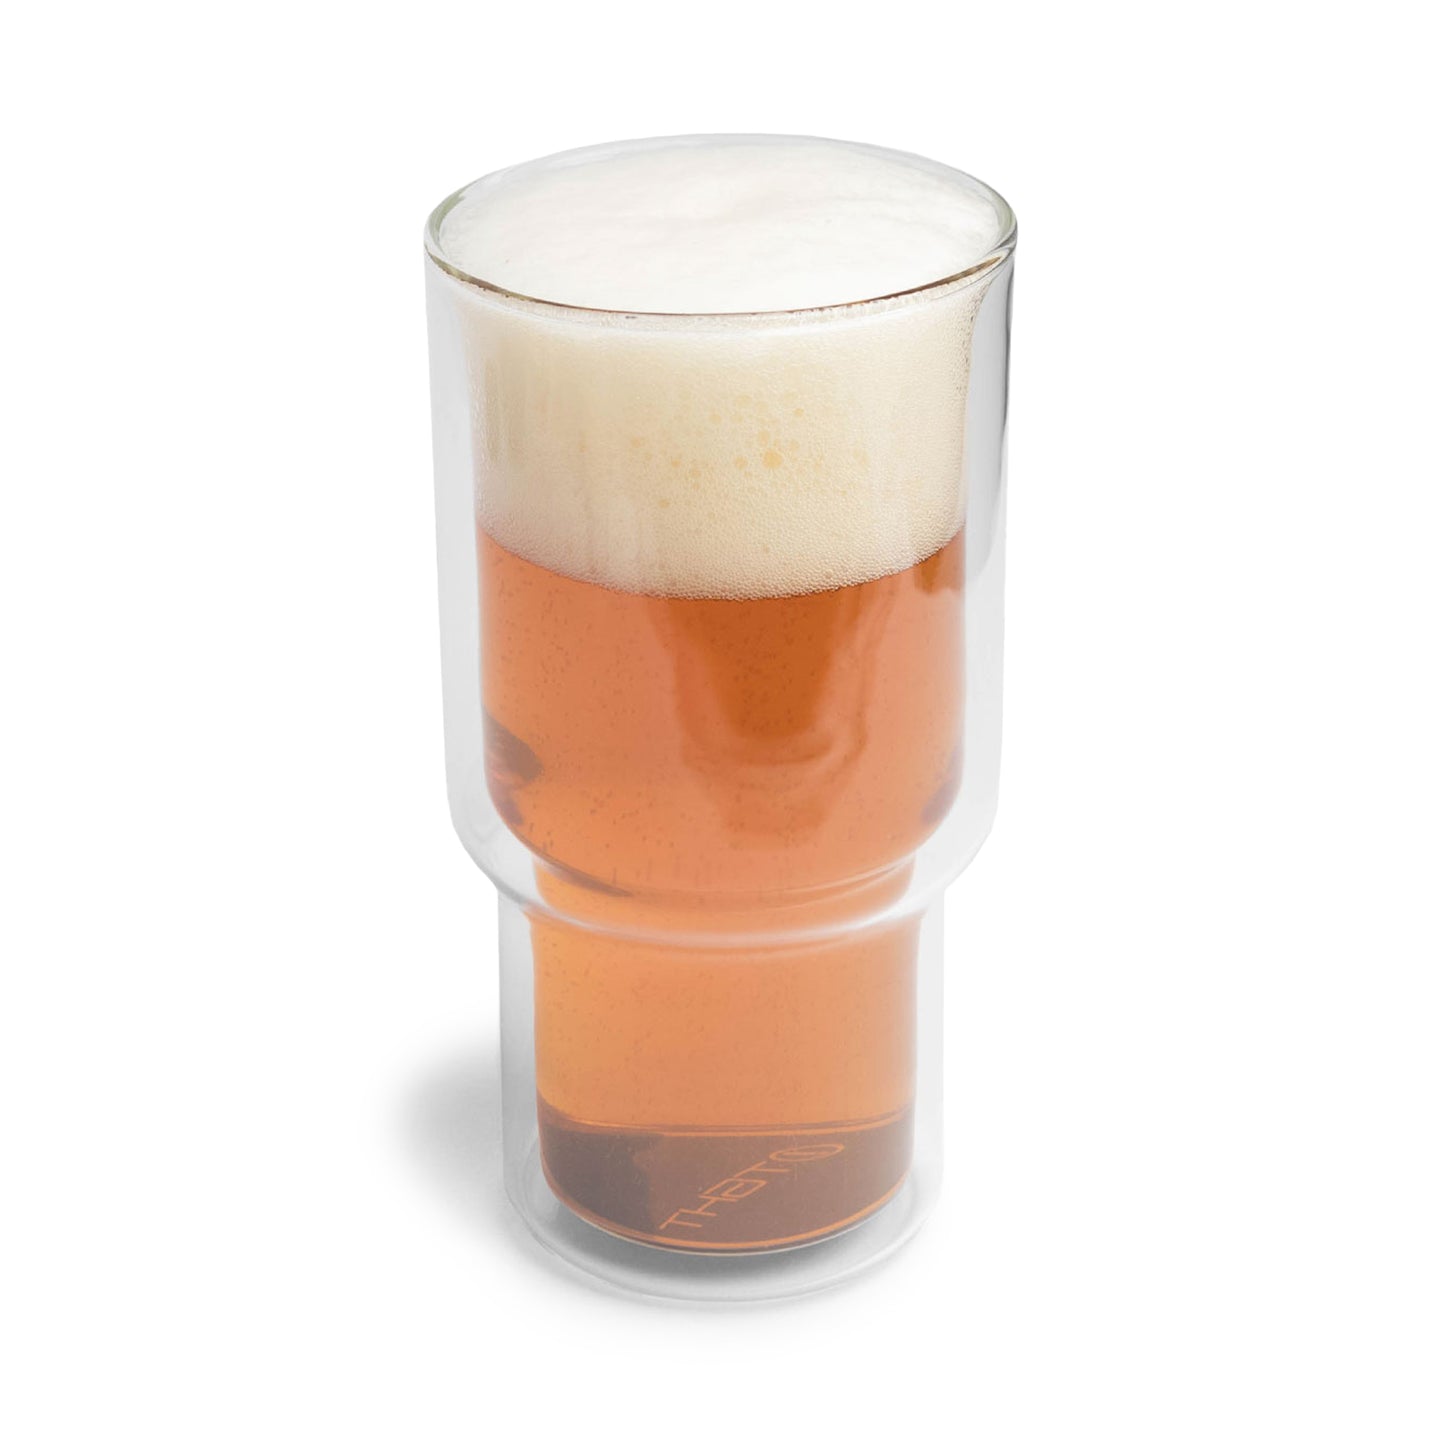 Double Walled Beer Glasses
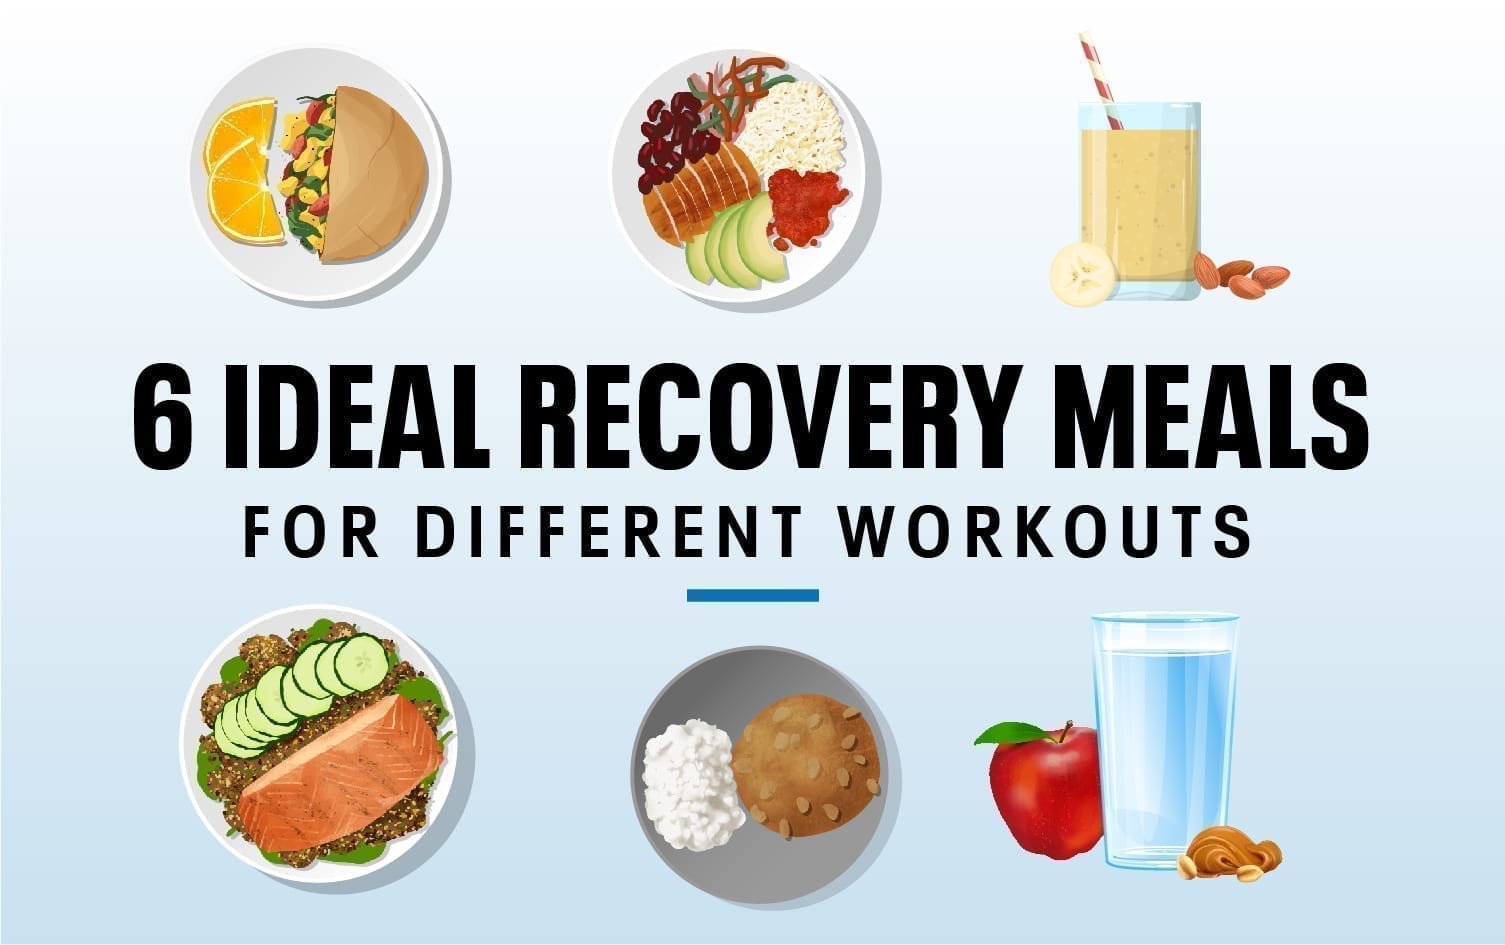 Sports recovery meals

━━━━━━━━━━━━━━━━

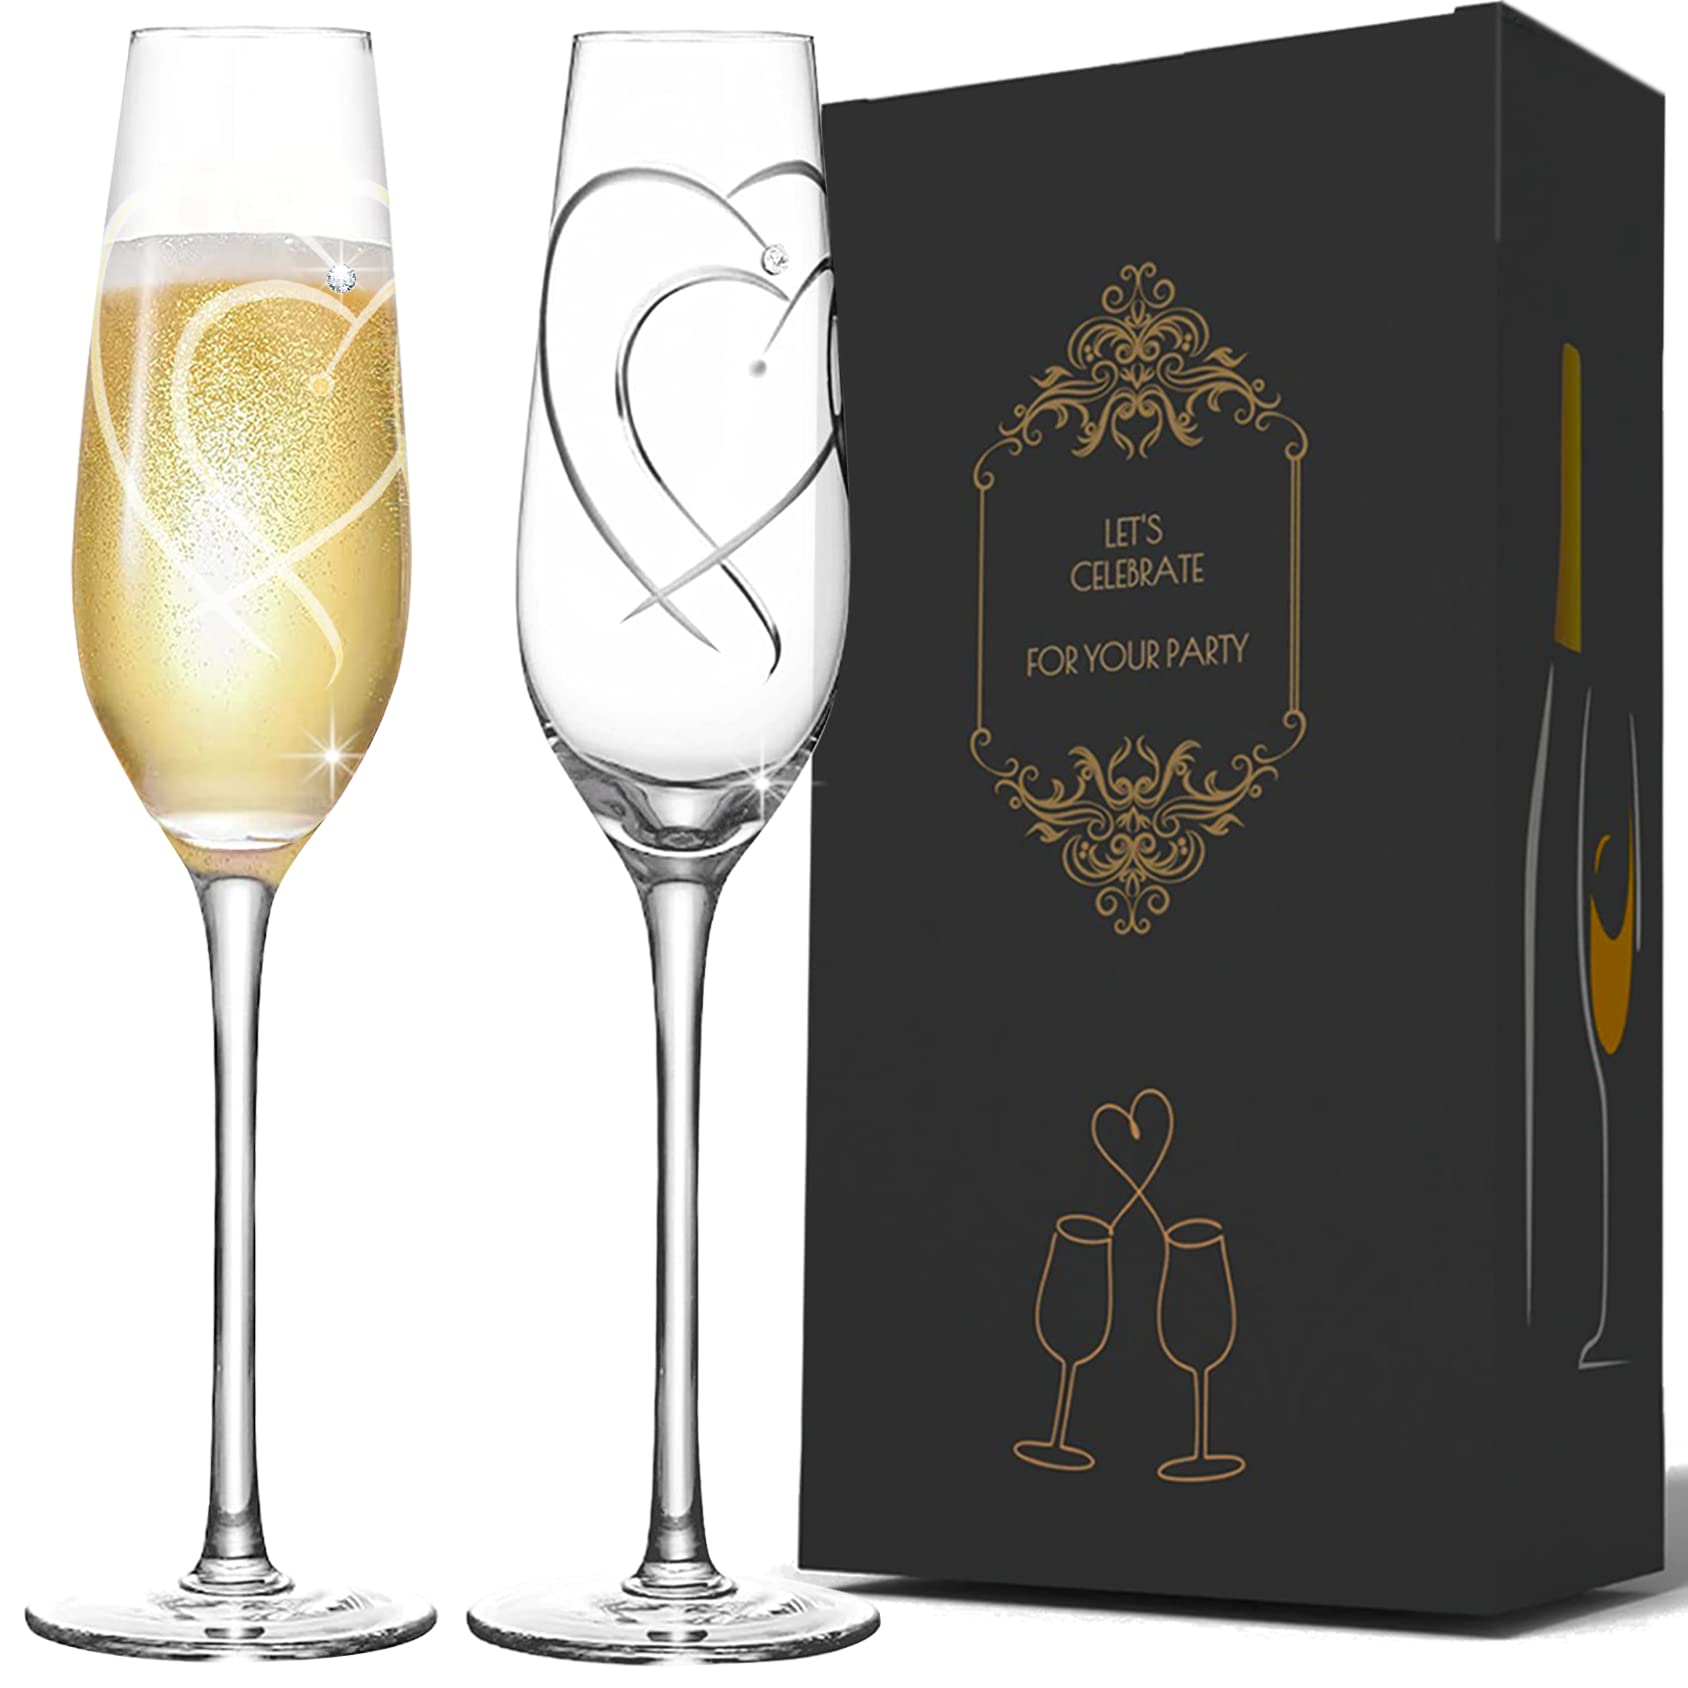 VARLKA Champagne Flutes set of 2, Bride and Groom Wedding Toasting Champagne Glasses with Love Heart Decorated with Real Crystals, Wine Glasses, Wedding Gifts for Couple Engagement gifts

━━━━━━━━━━━━━━━━

WHAT THIS TASK INVOLVES:
Look above for the line containing "Double Walled Beer Glasses", then copy exactly from it through the line containing "Sports recovery meals", keeping both and leaving out pictures. Add nothing else.

RESULT OF THIS EXERCISE:
 Double Walled Beer Glasses
 Sports recovery meals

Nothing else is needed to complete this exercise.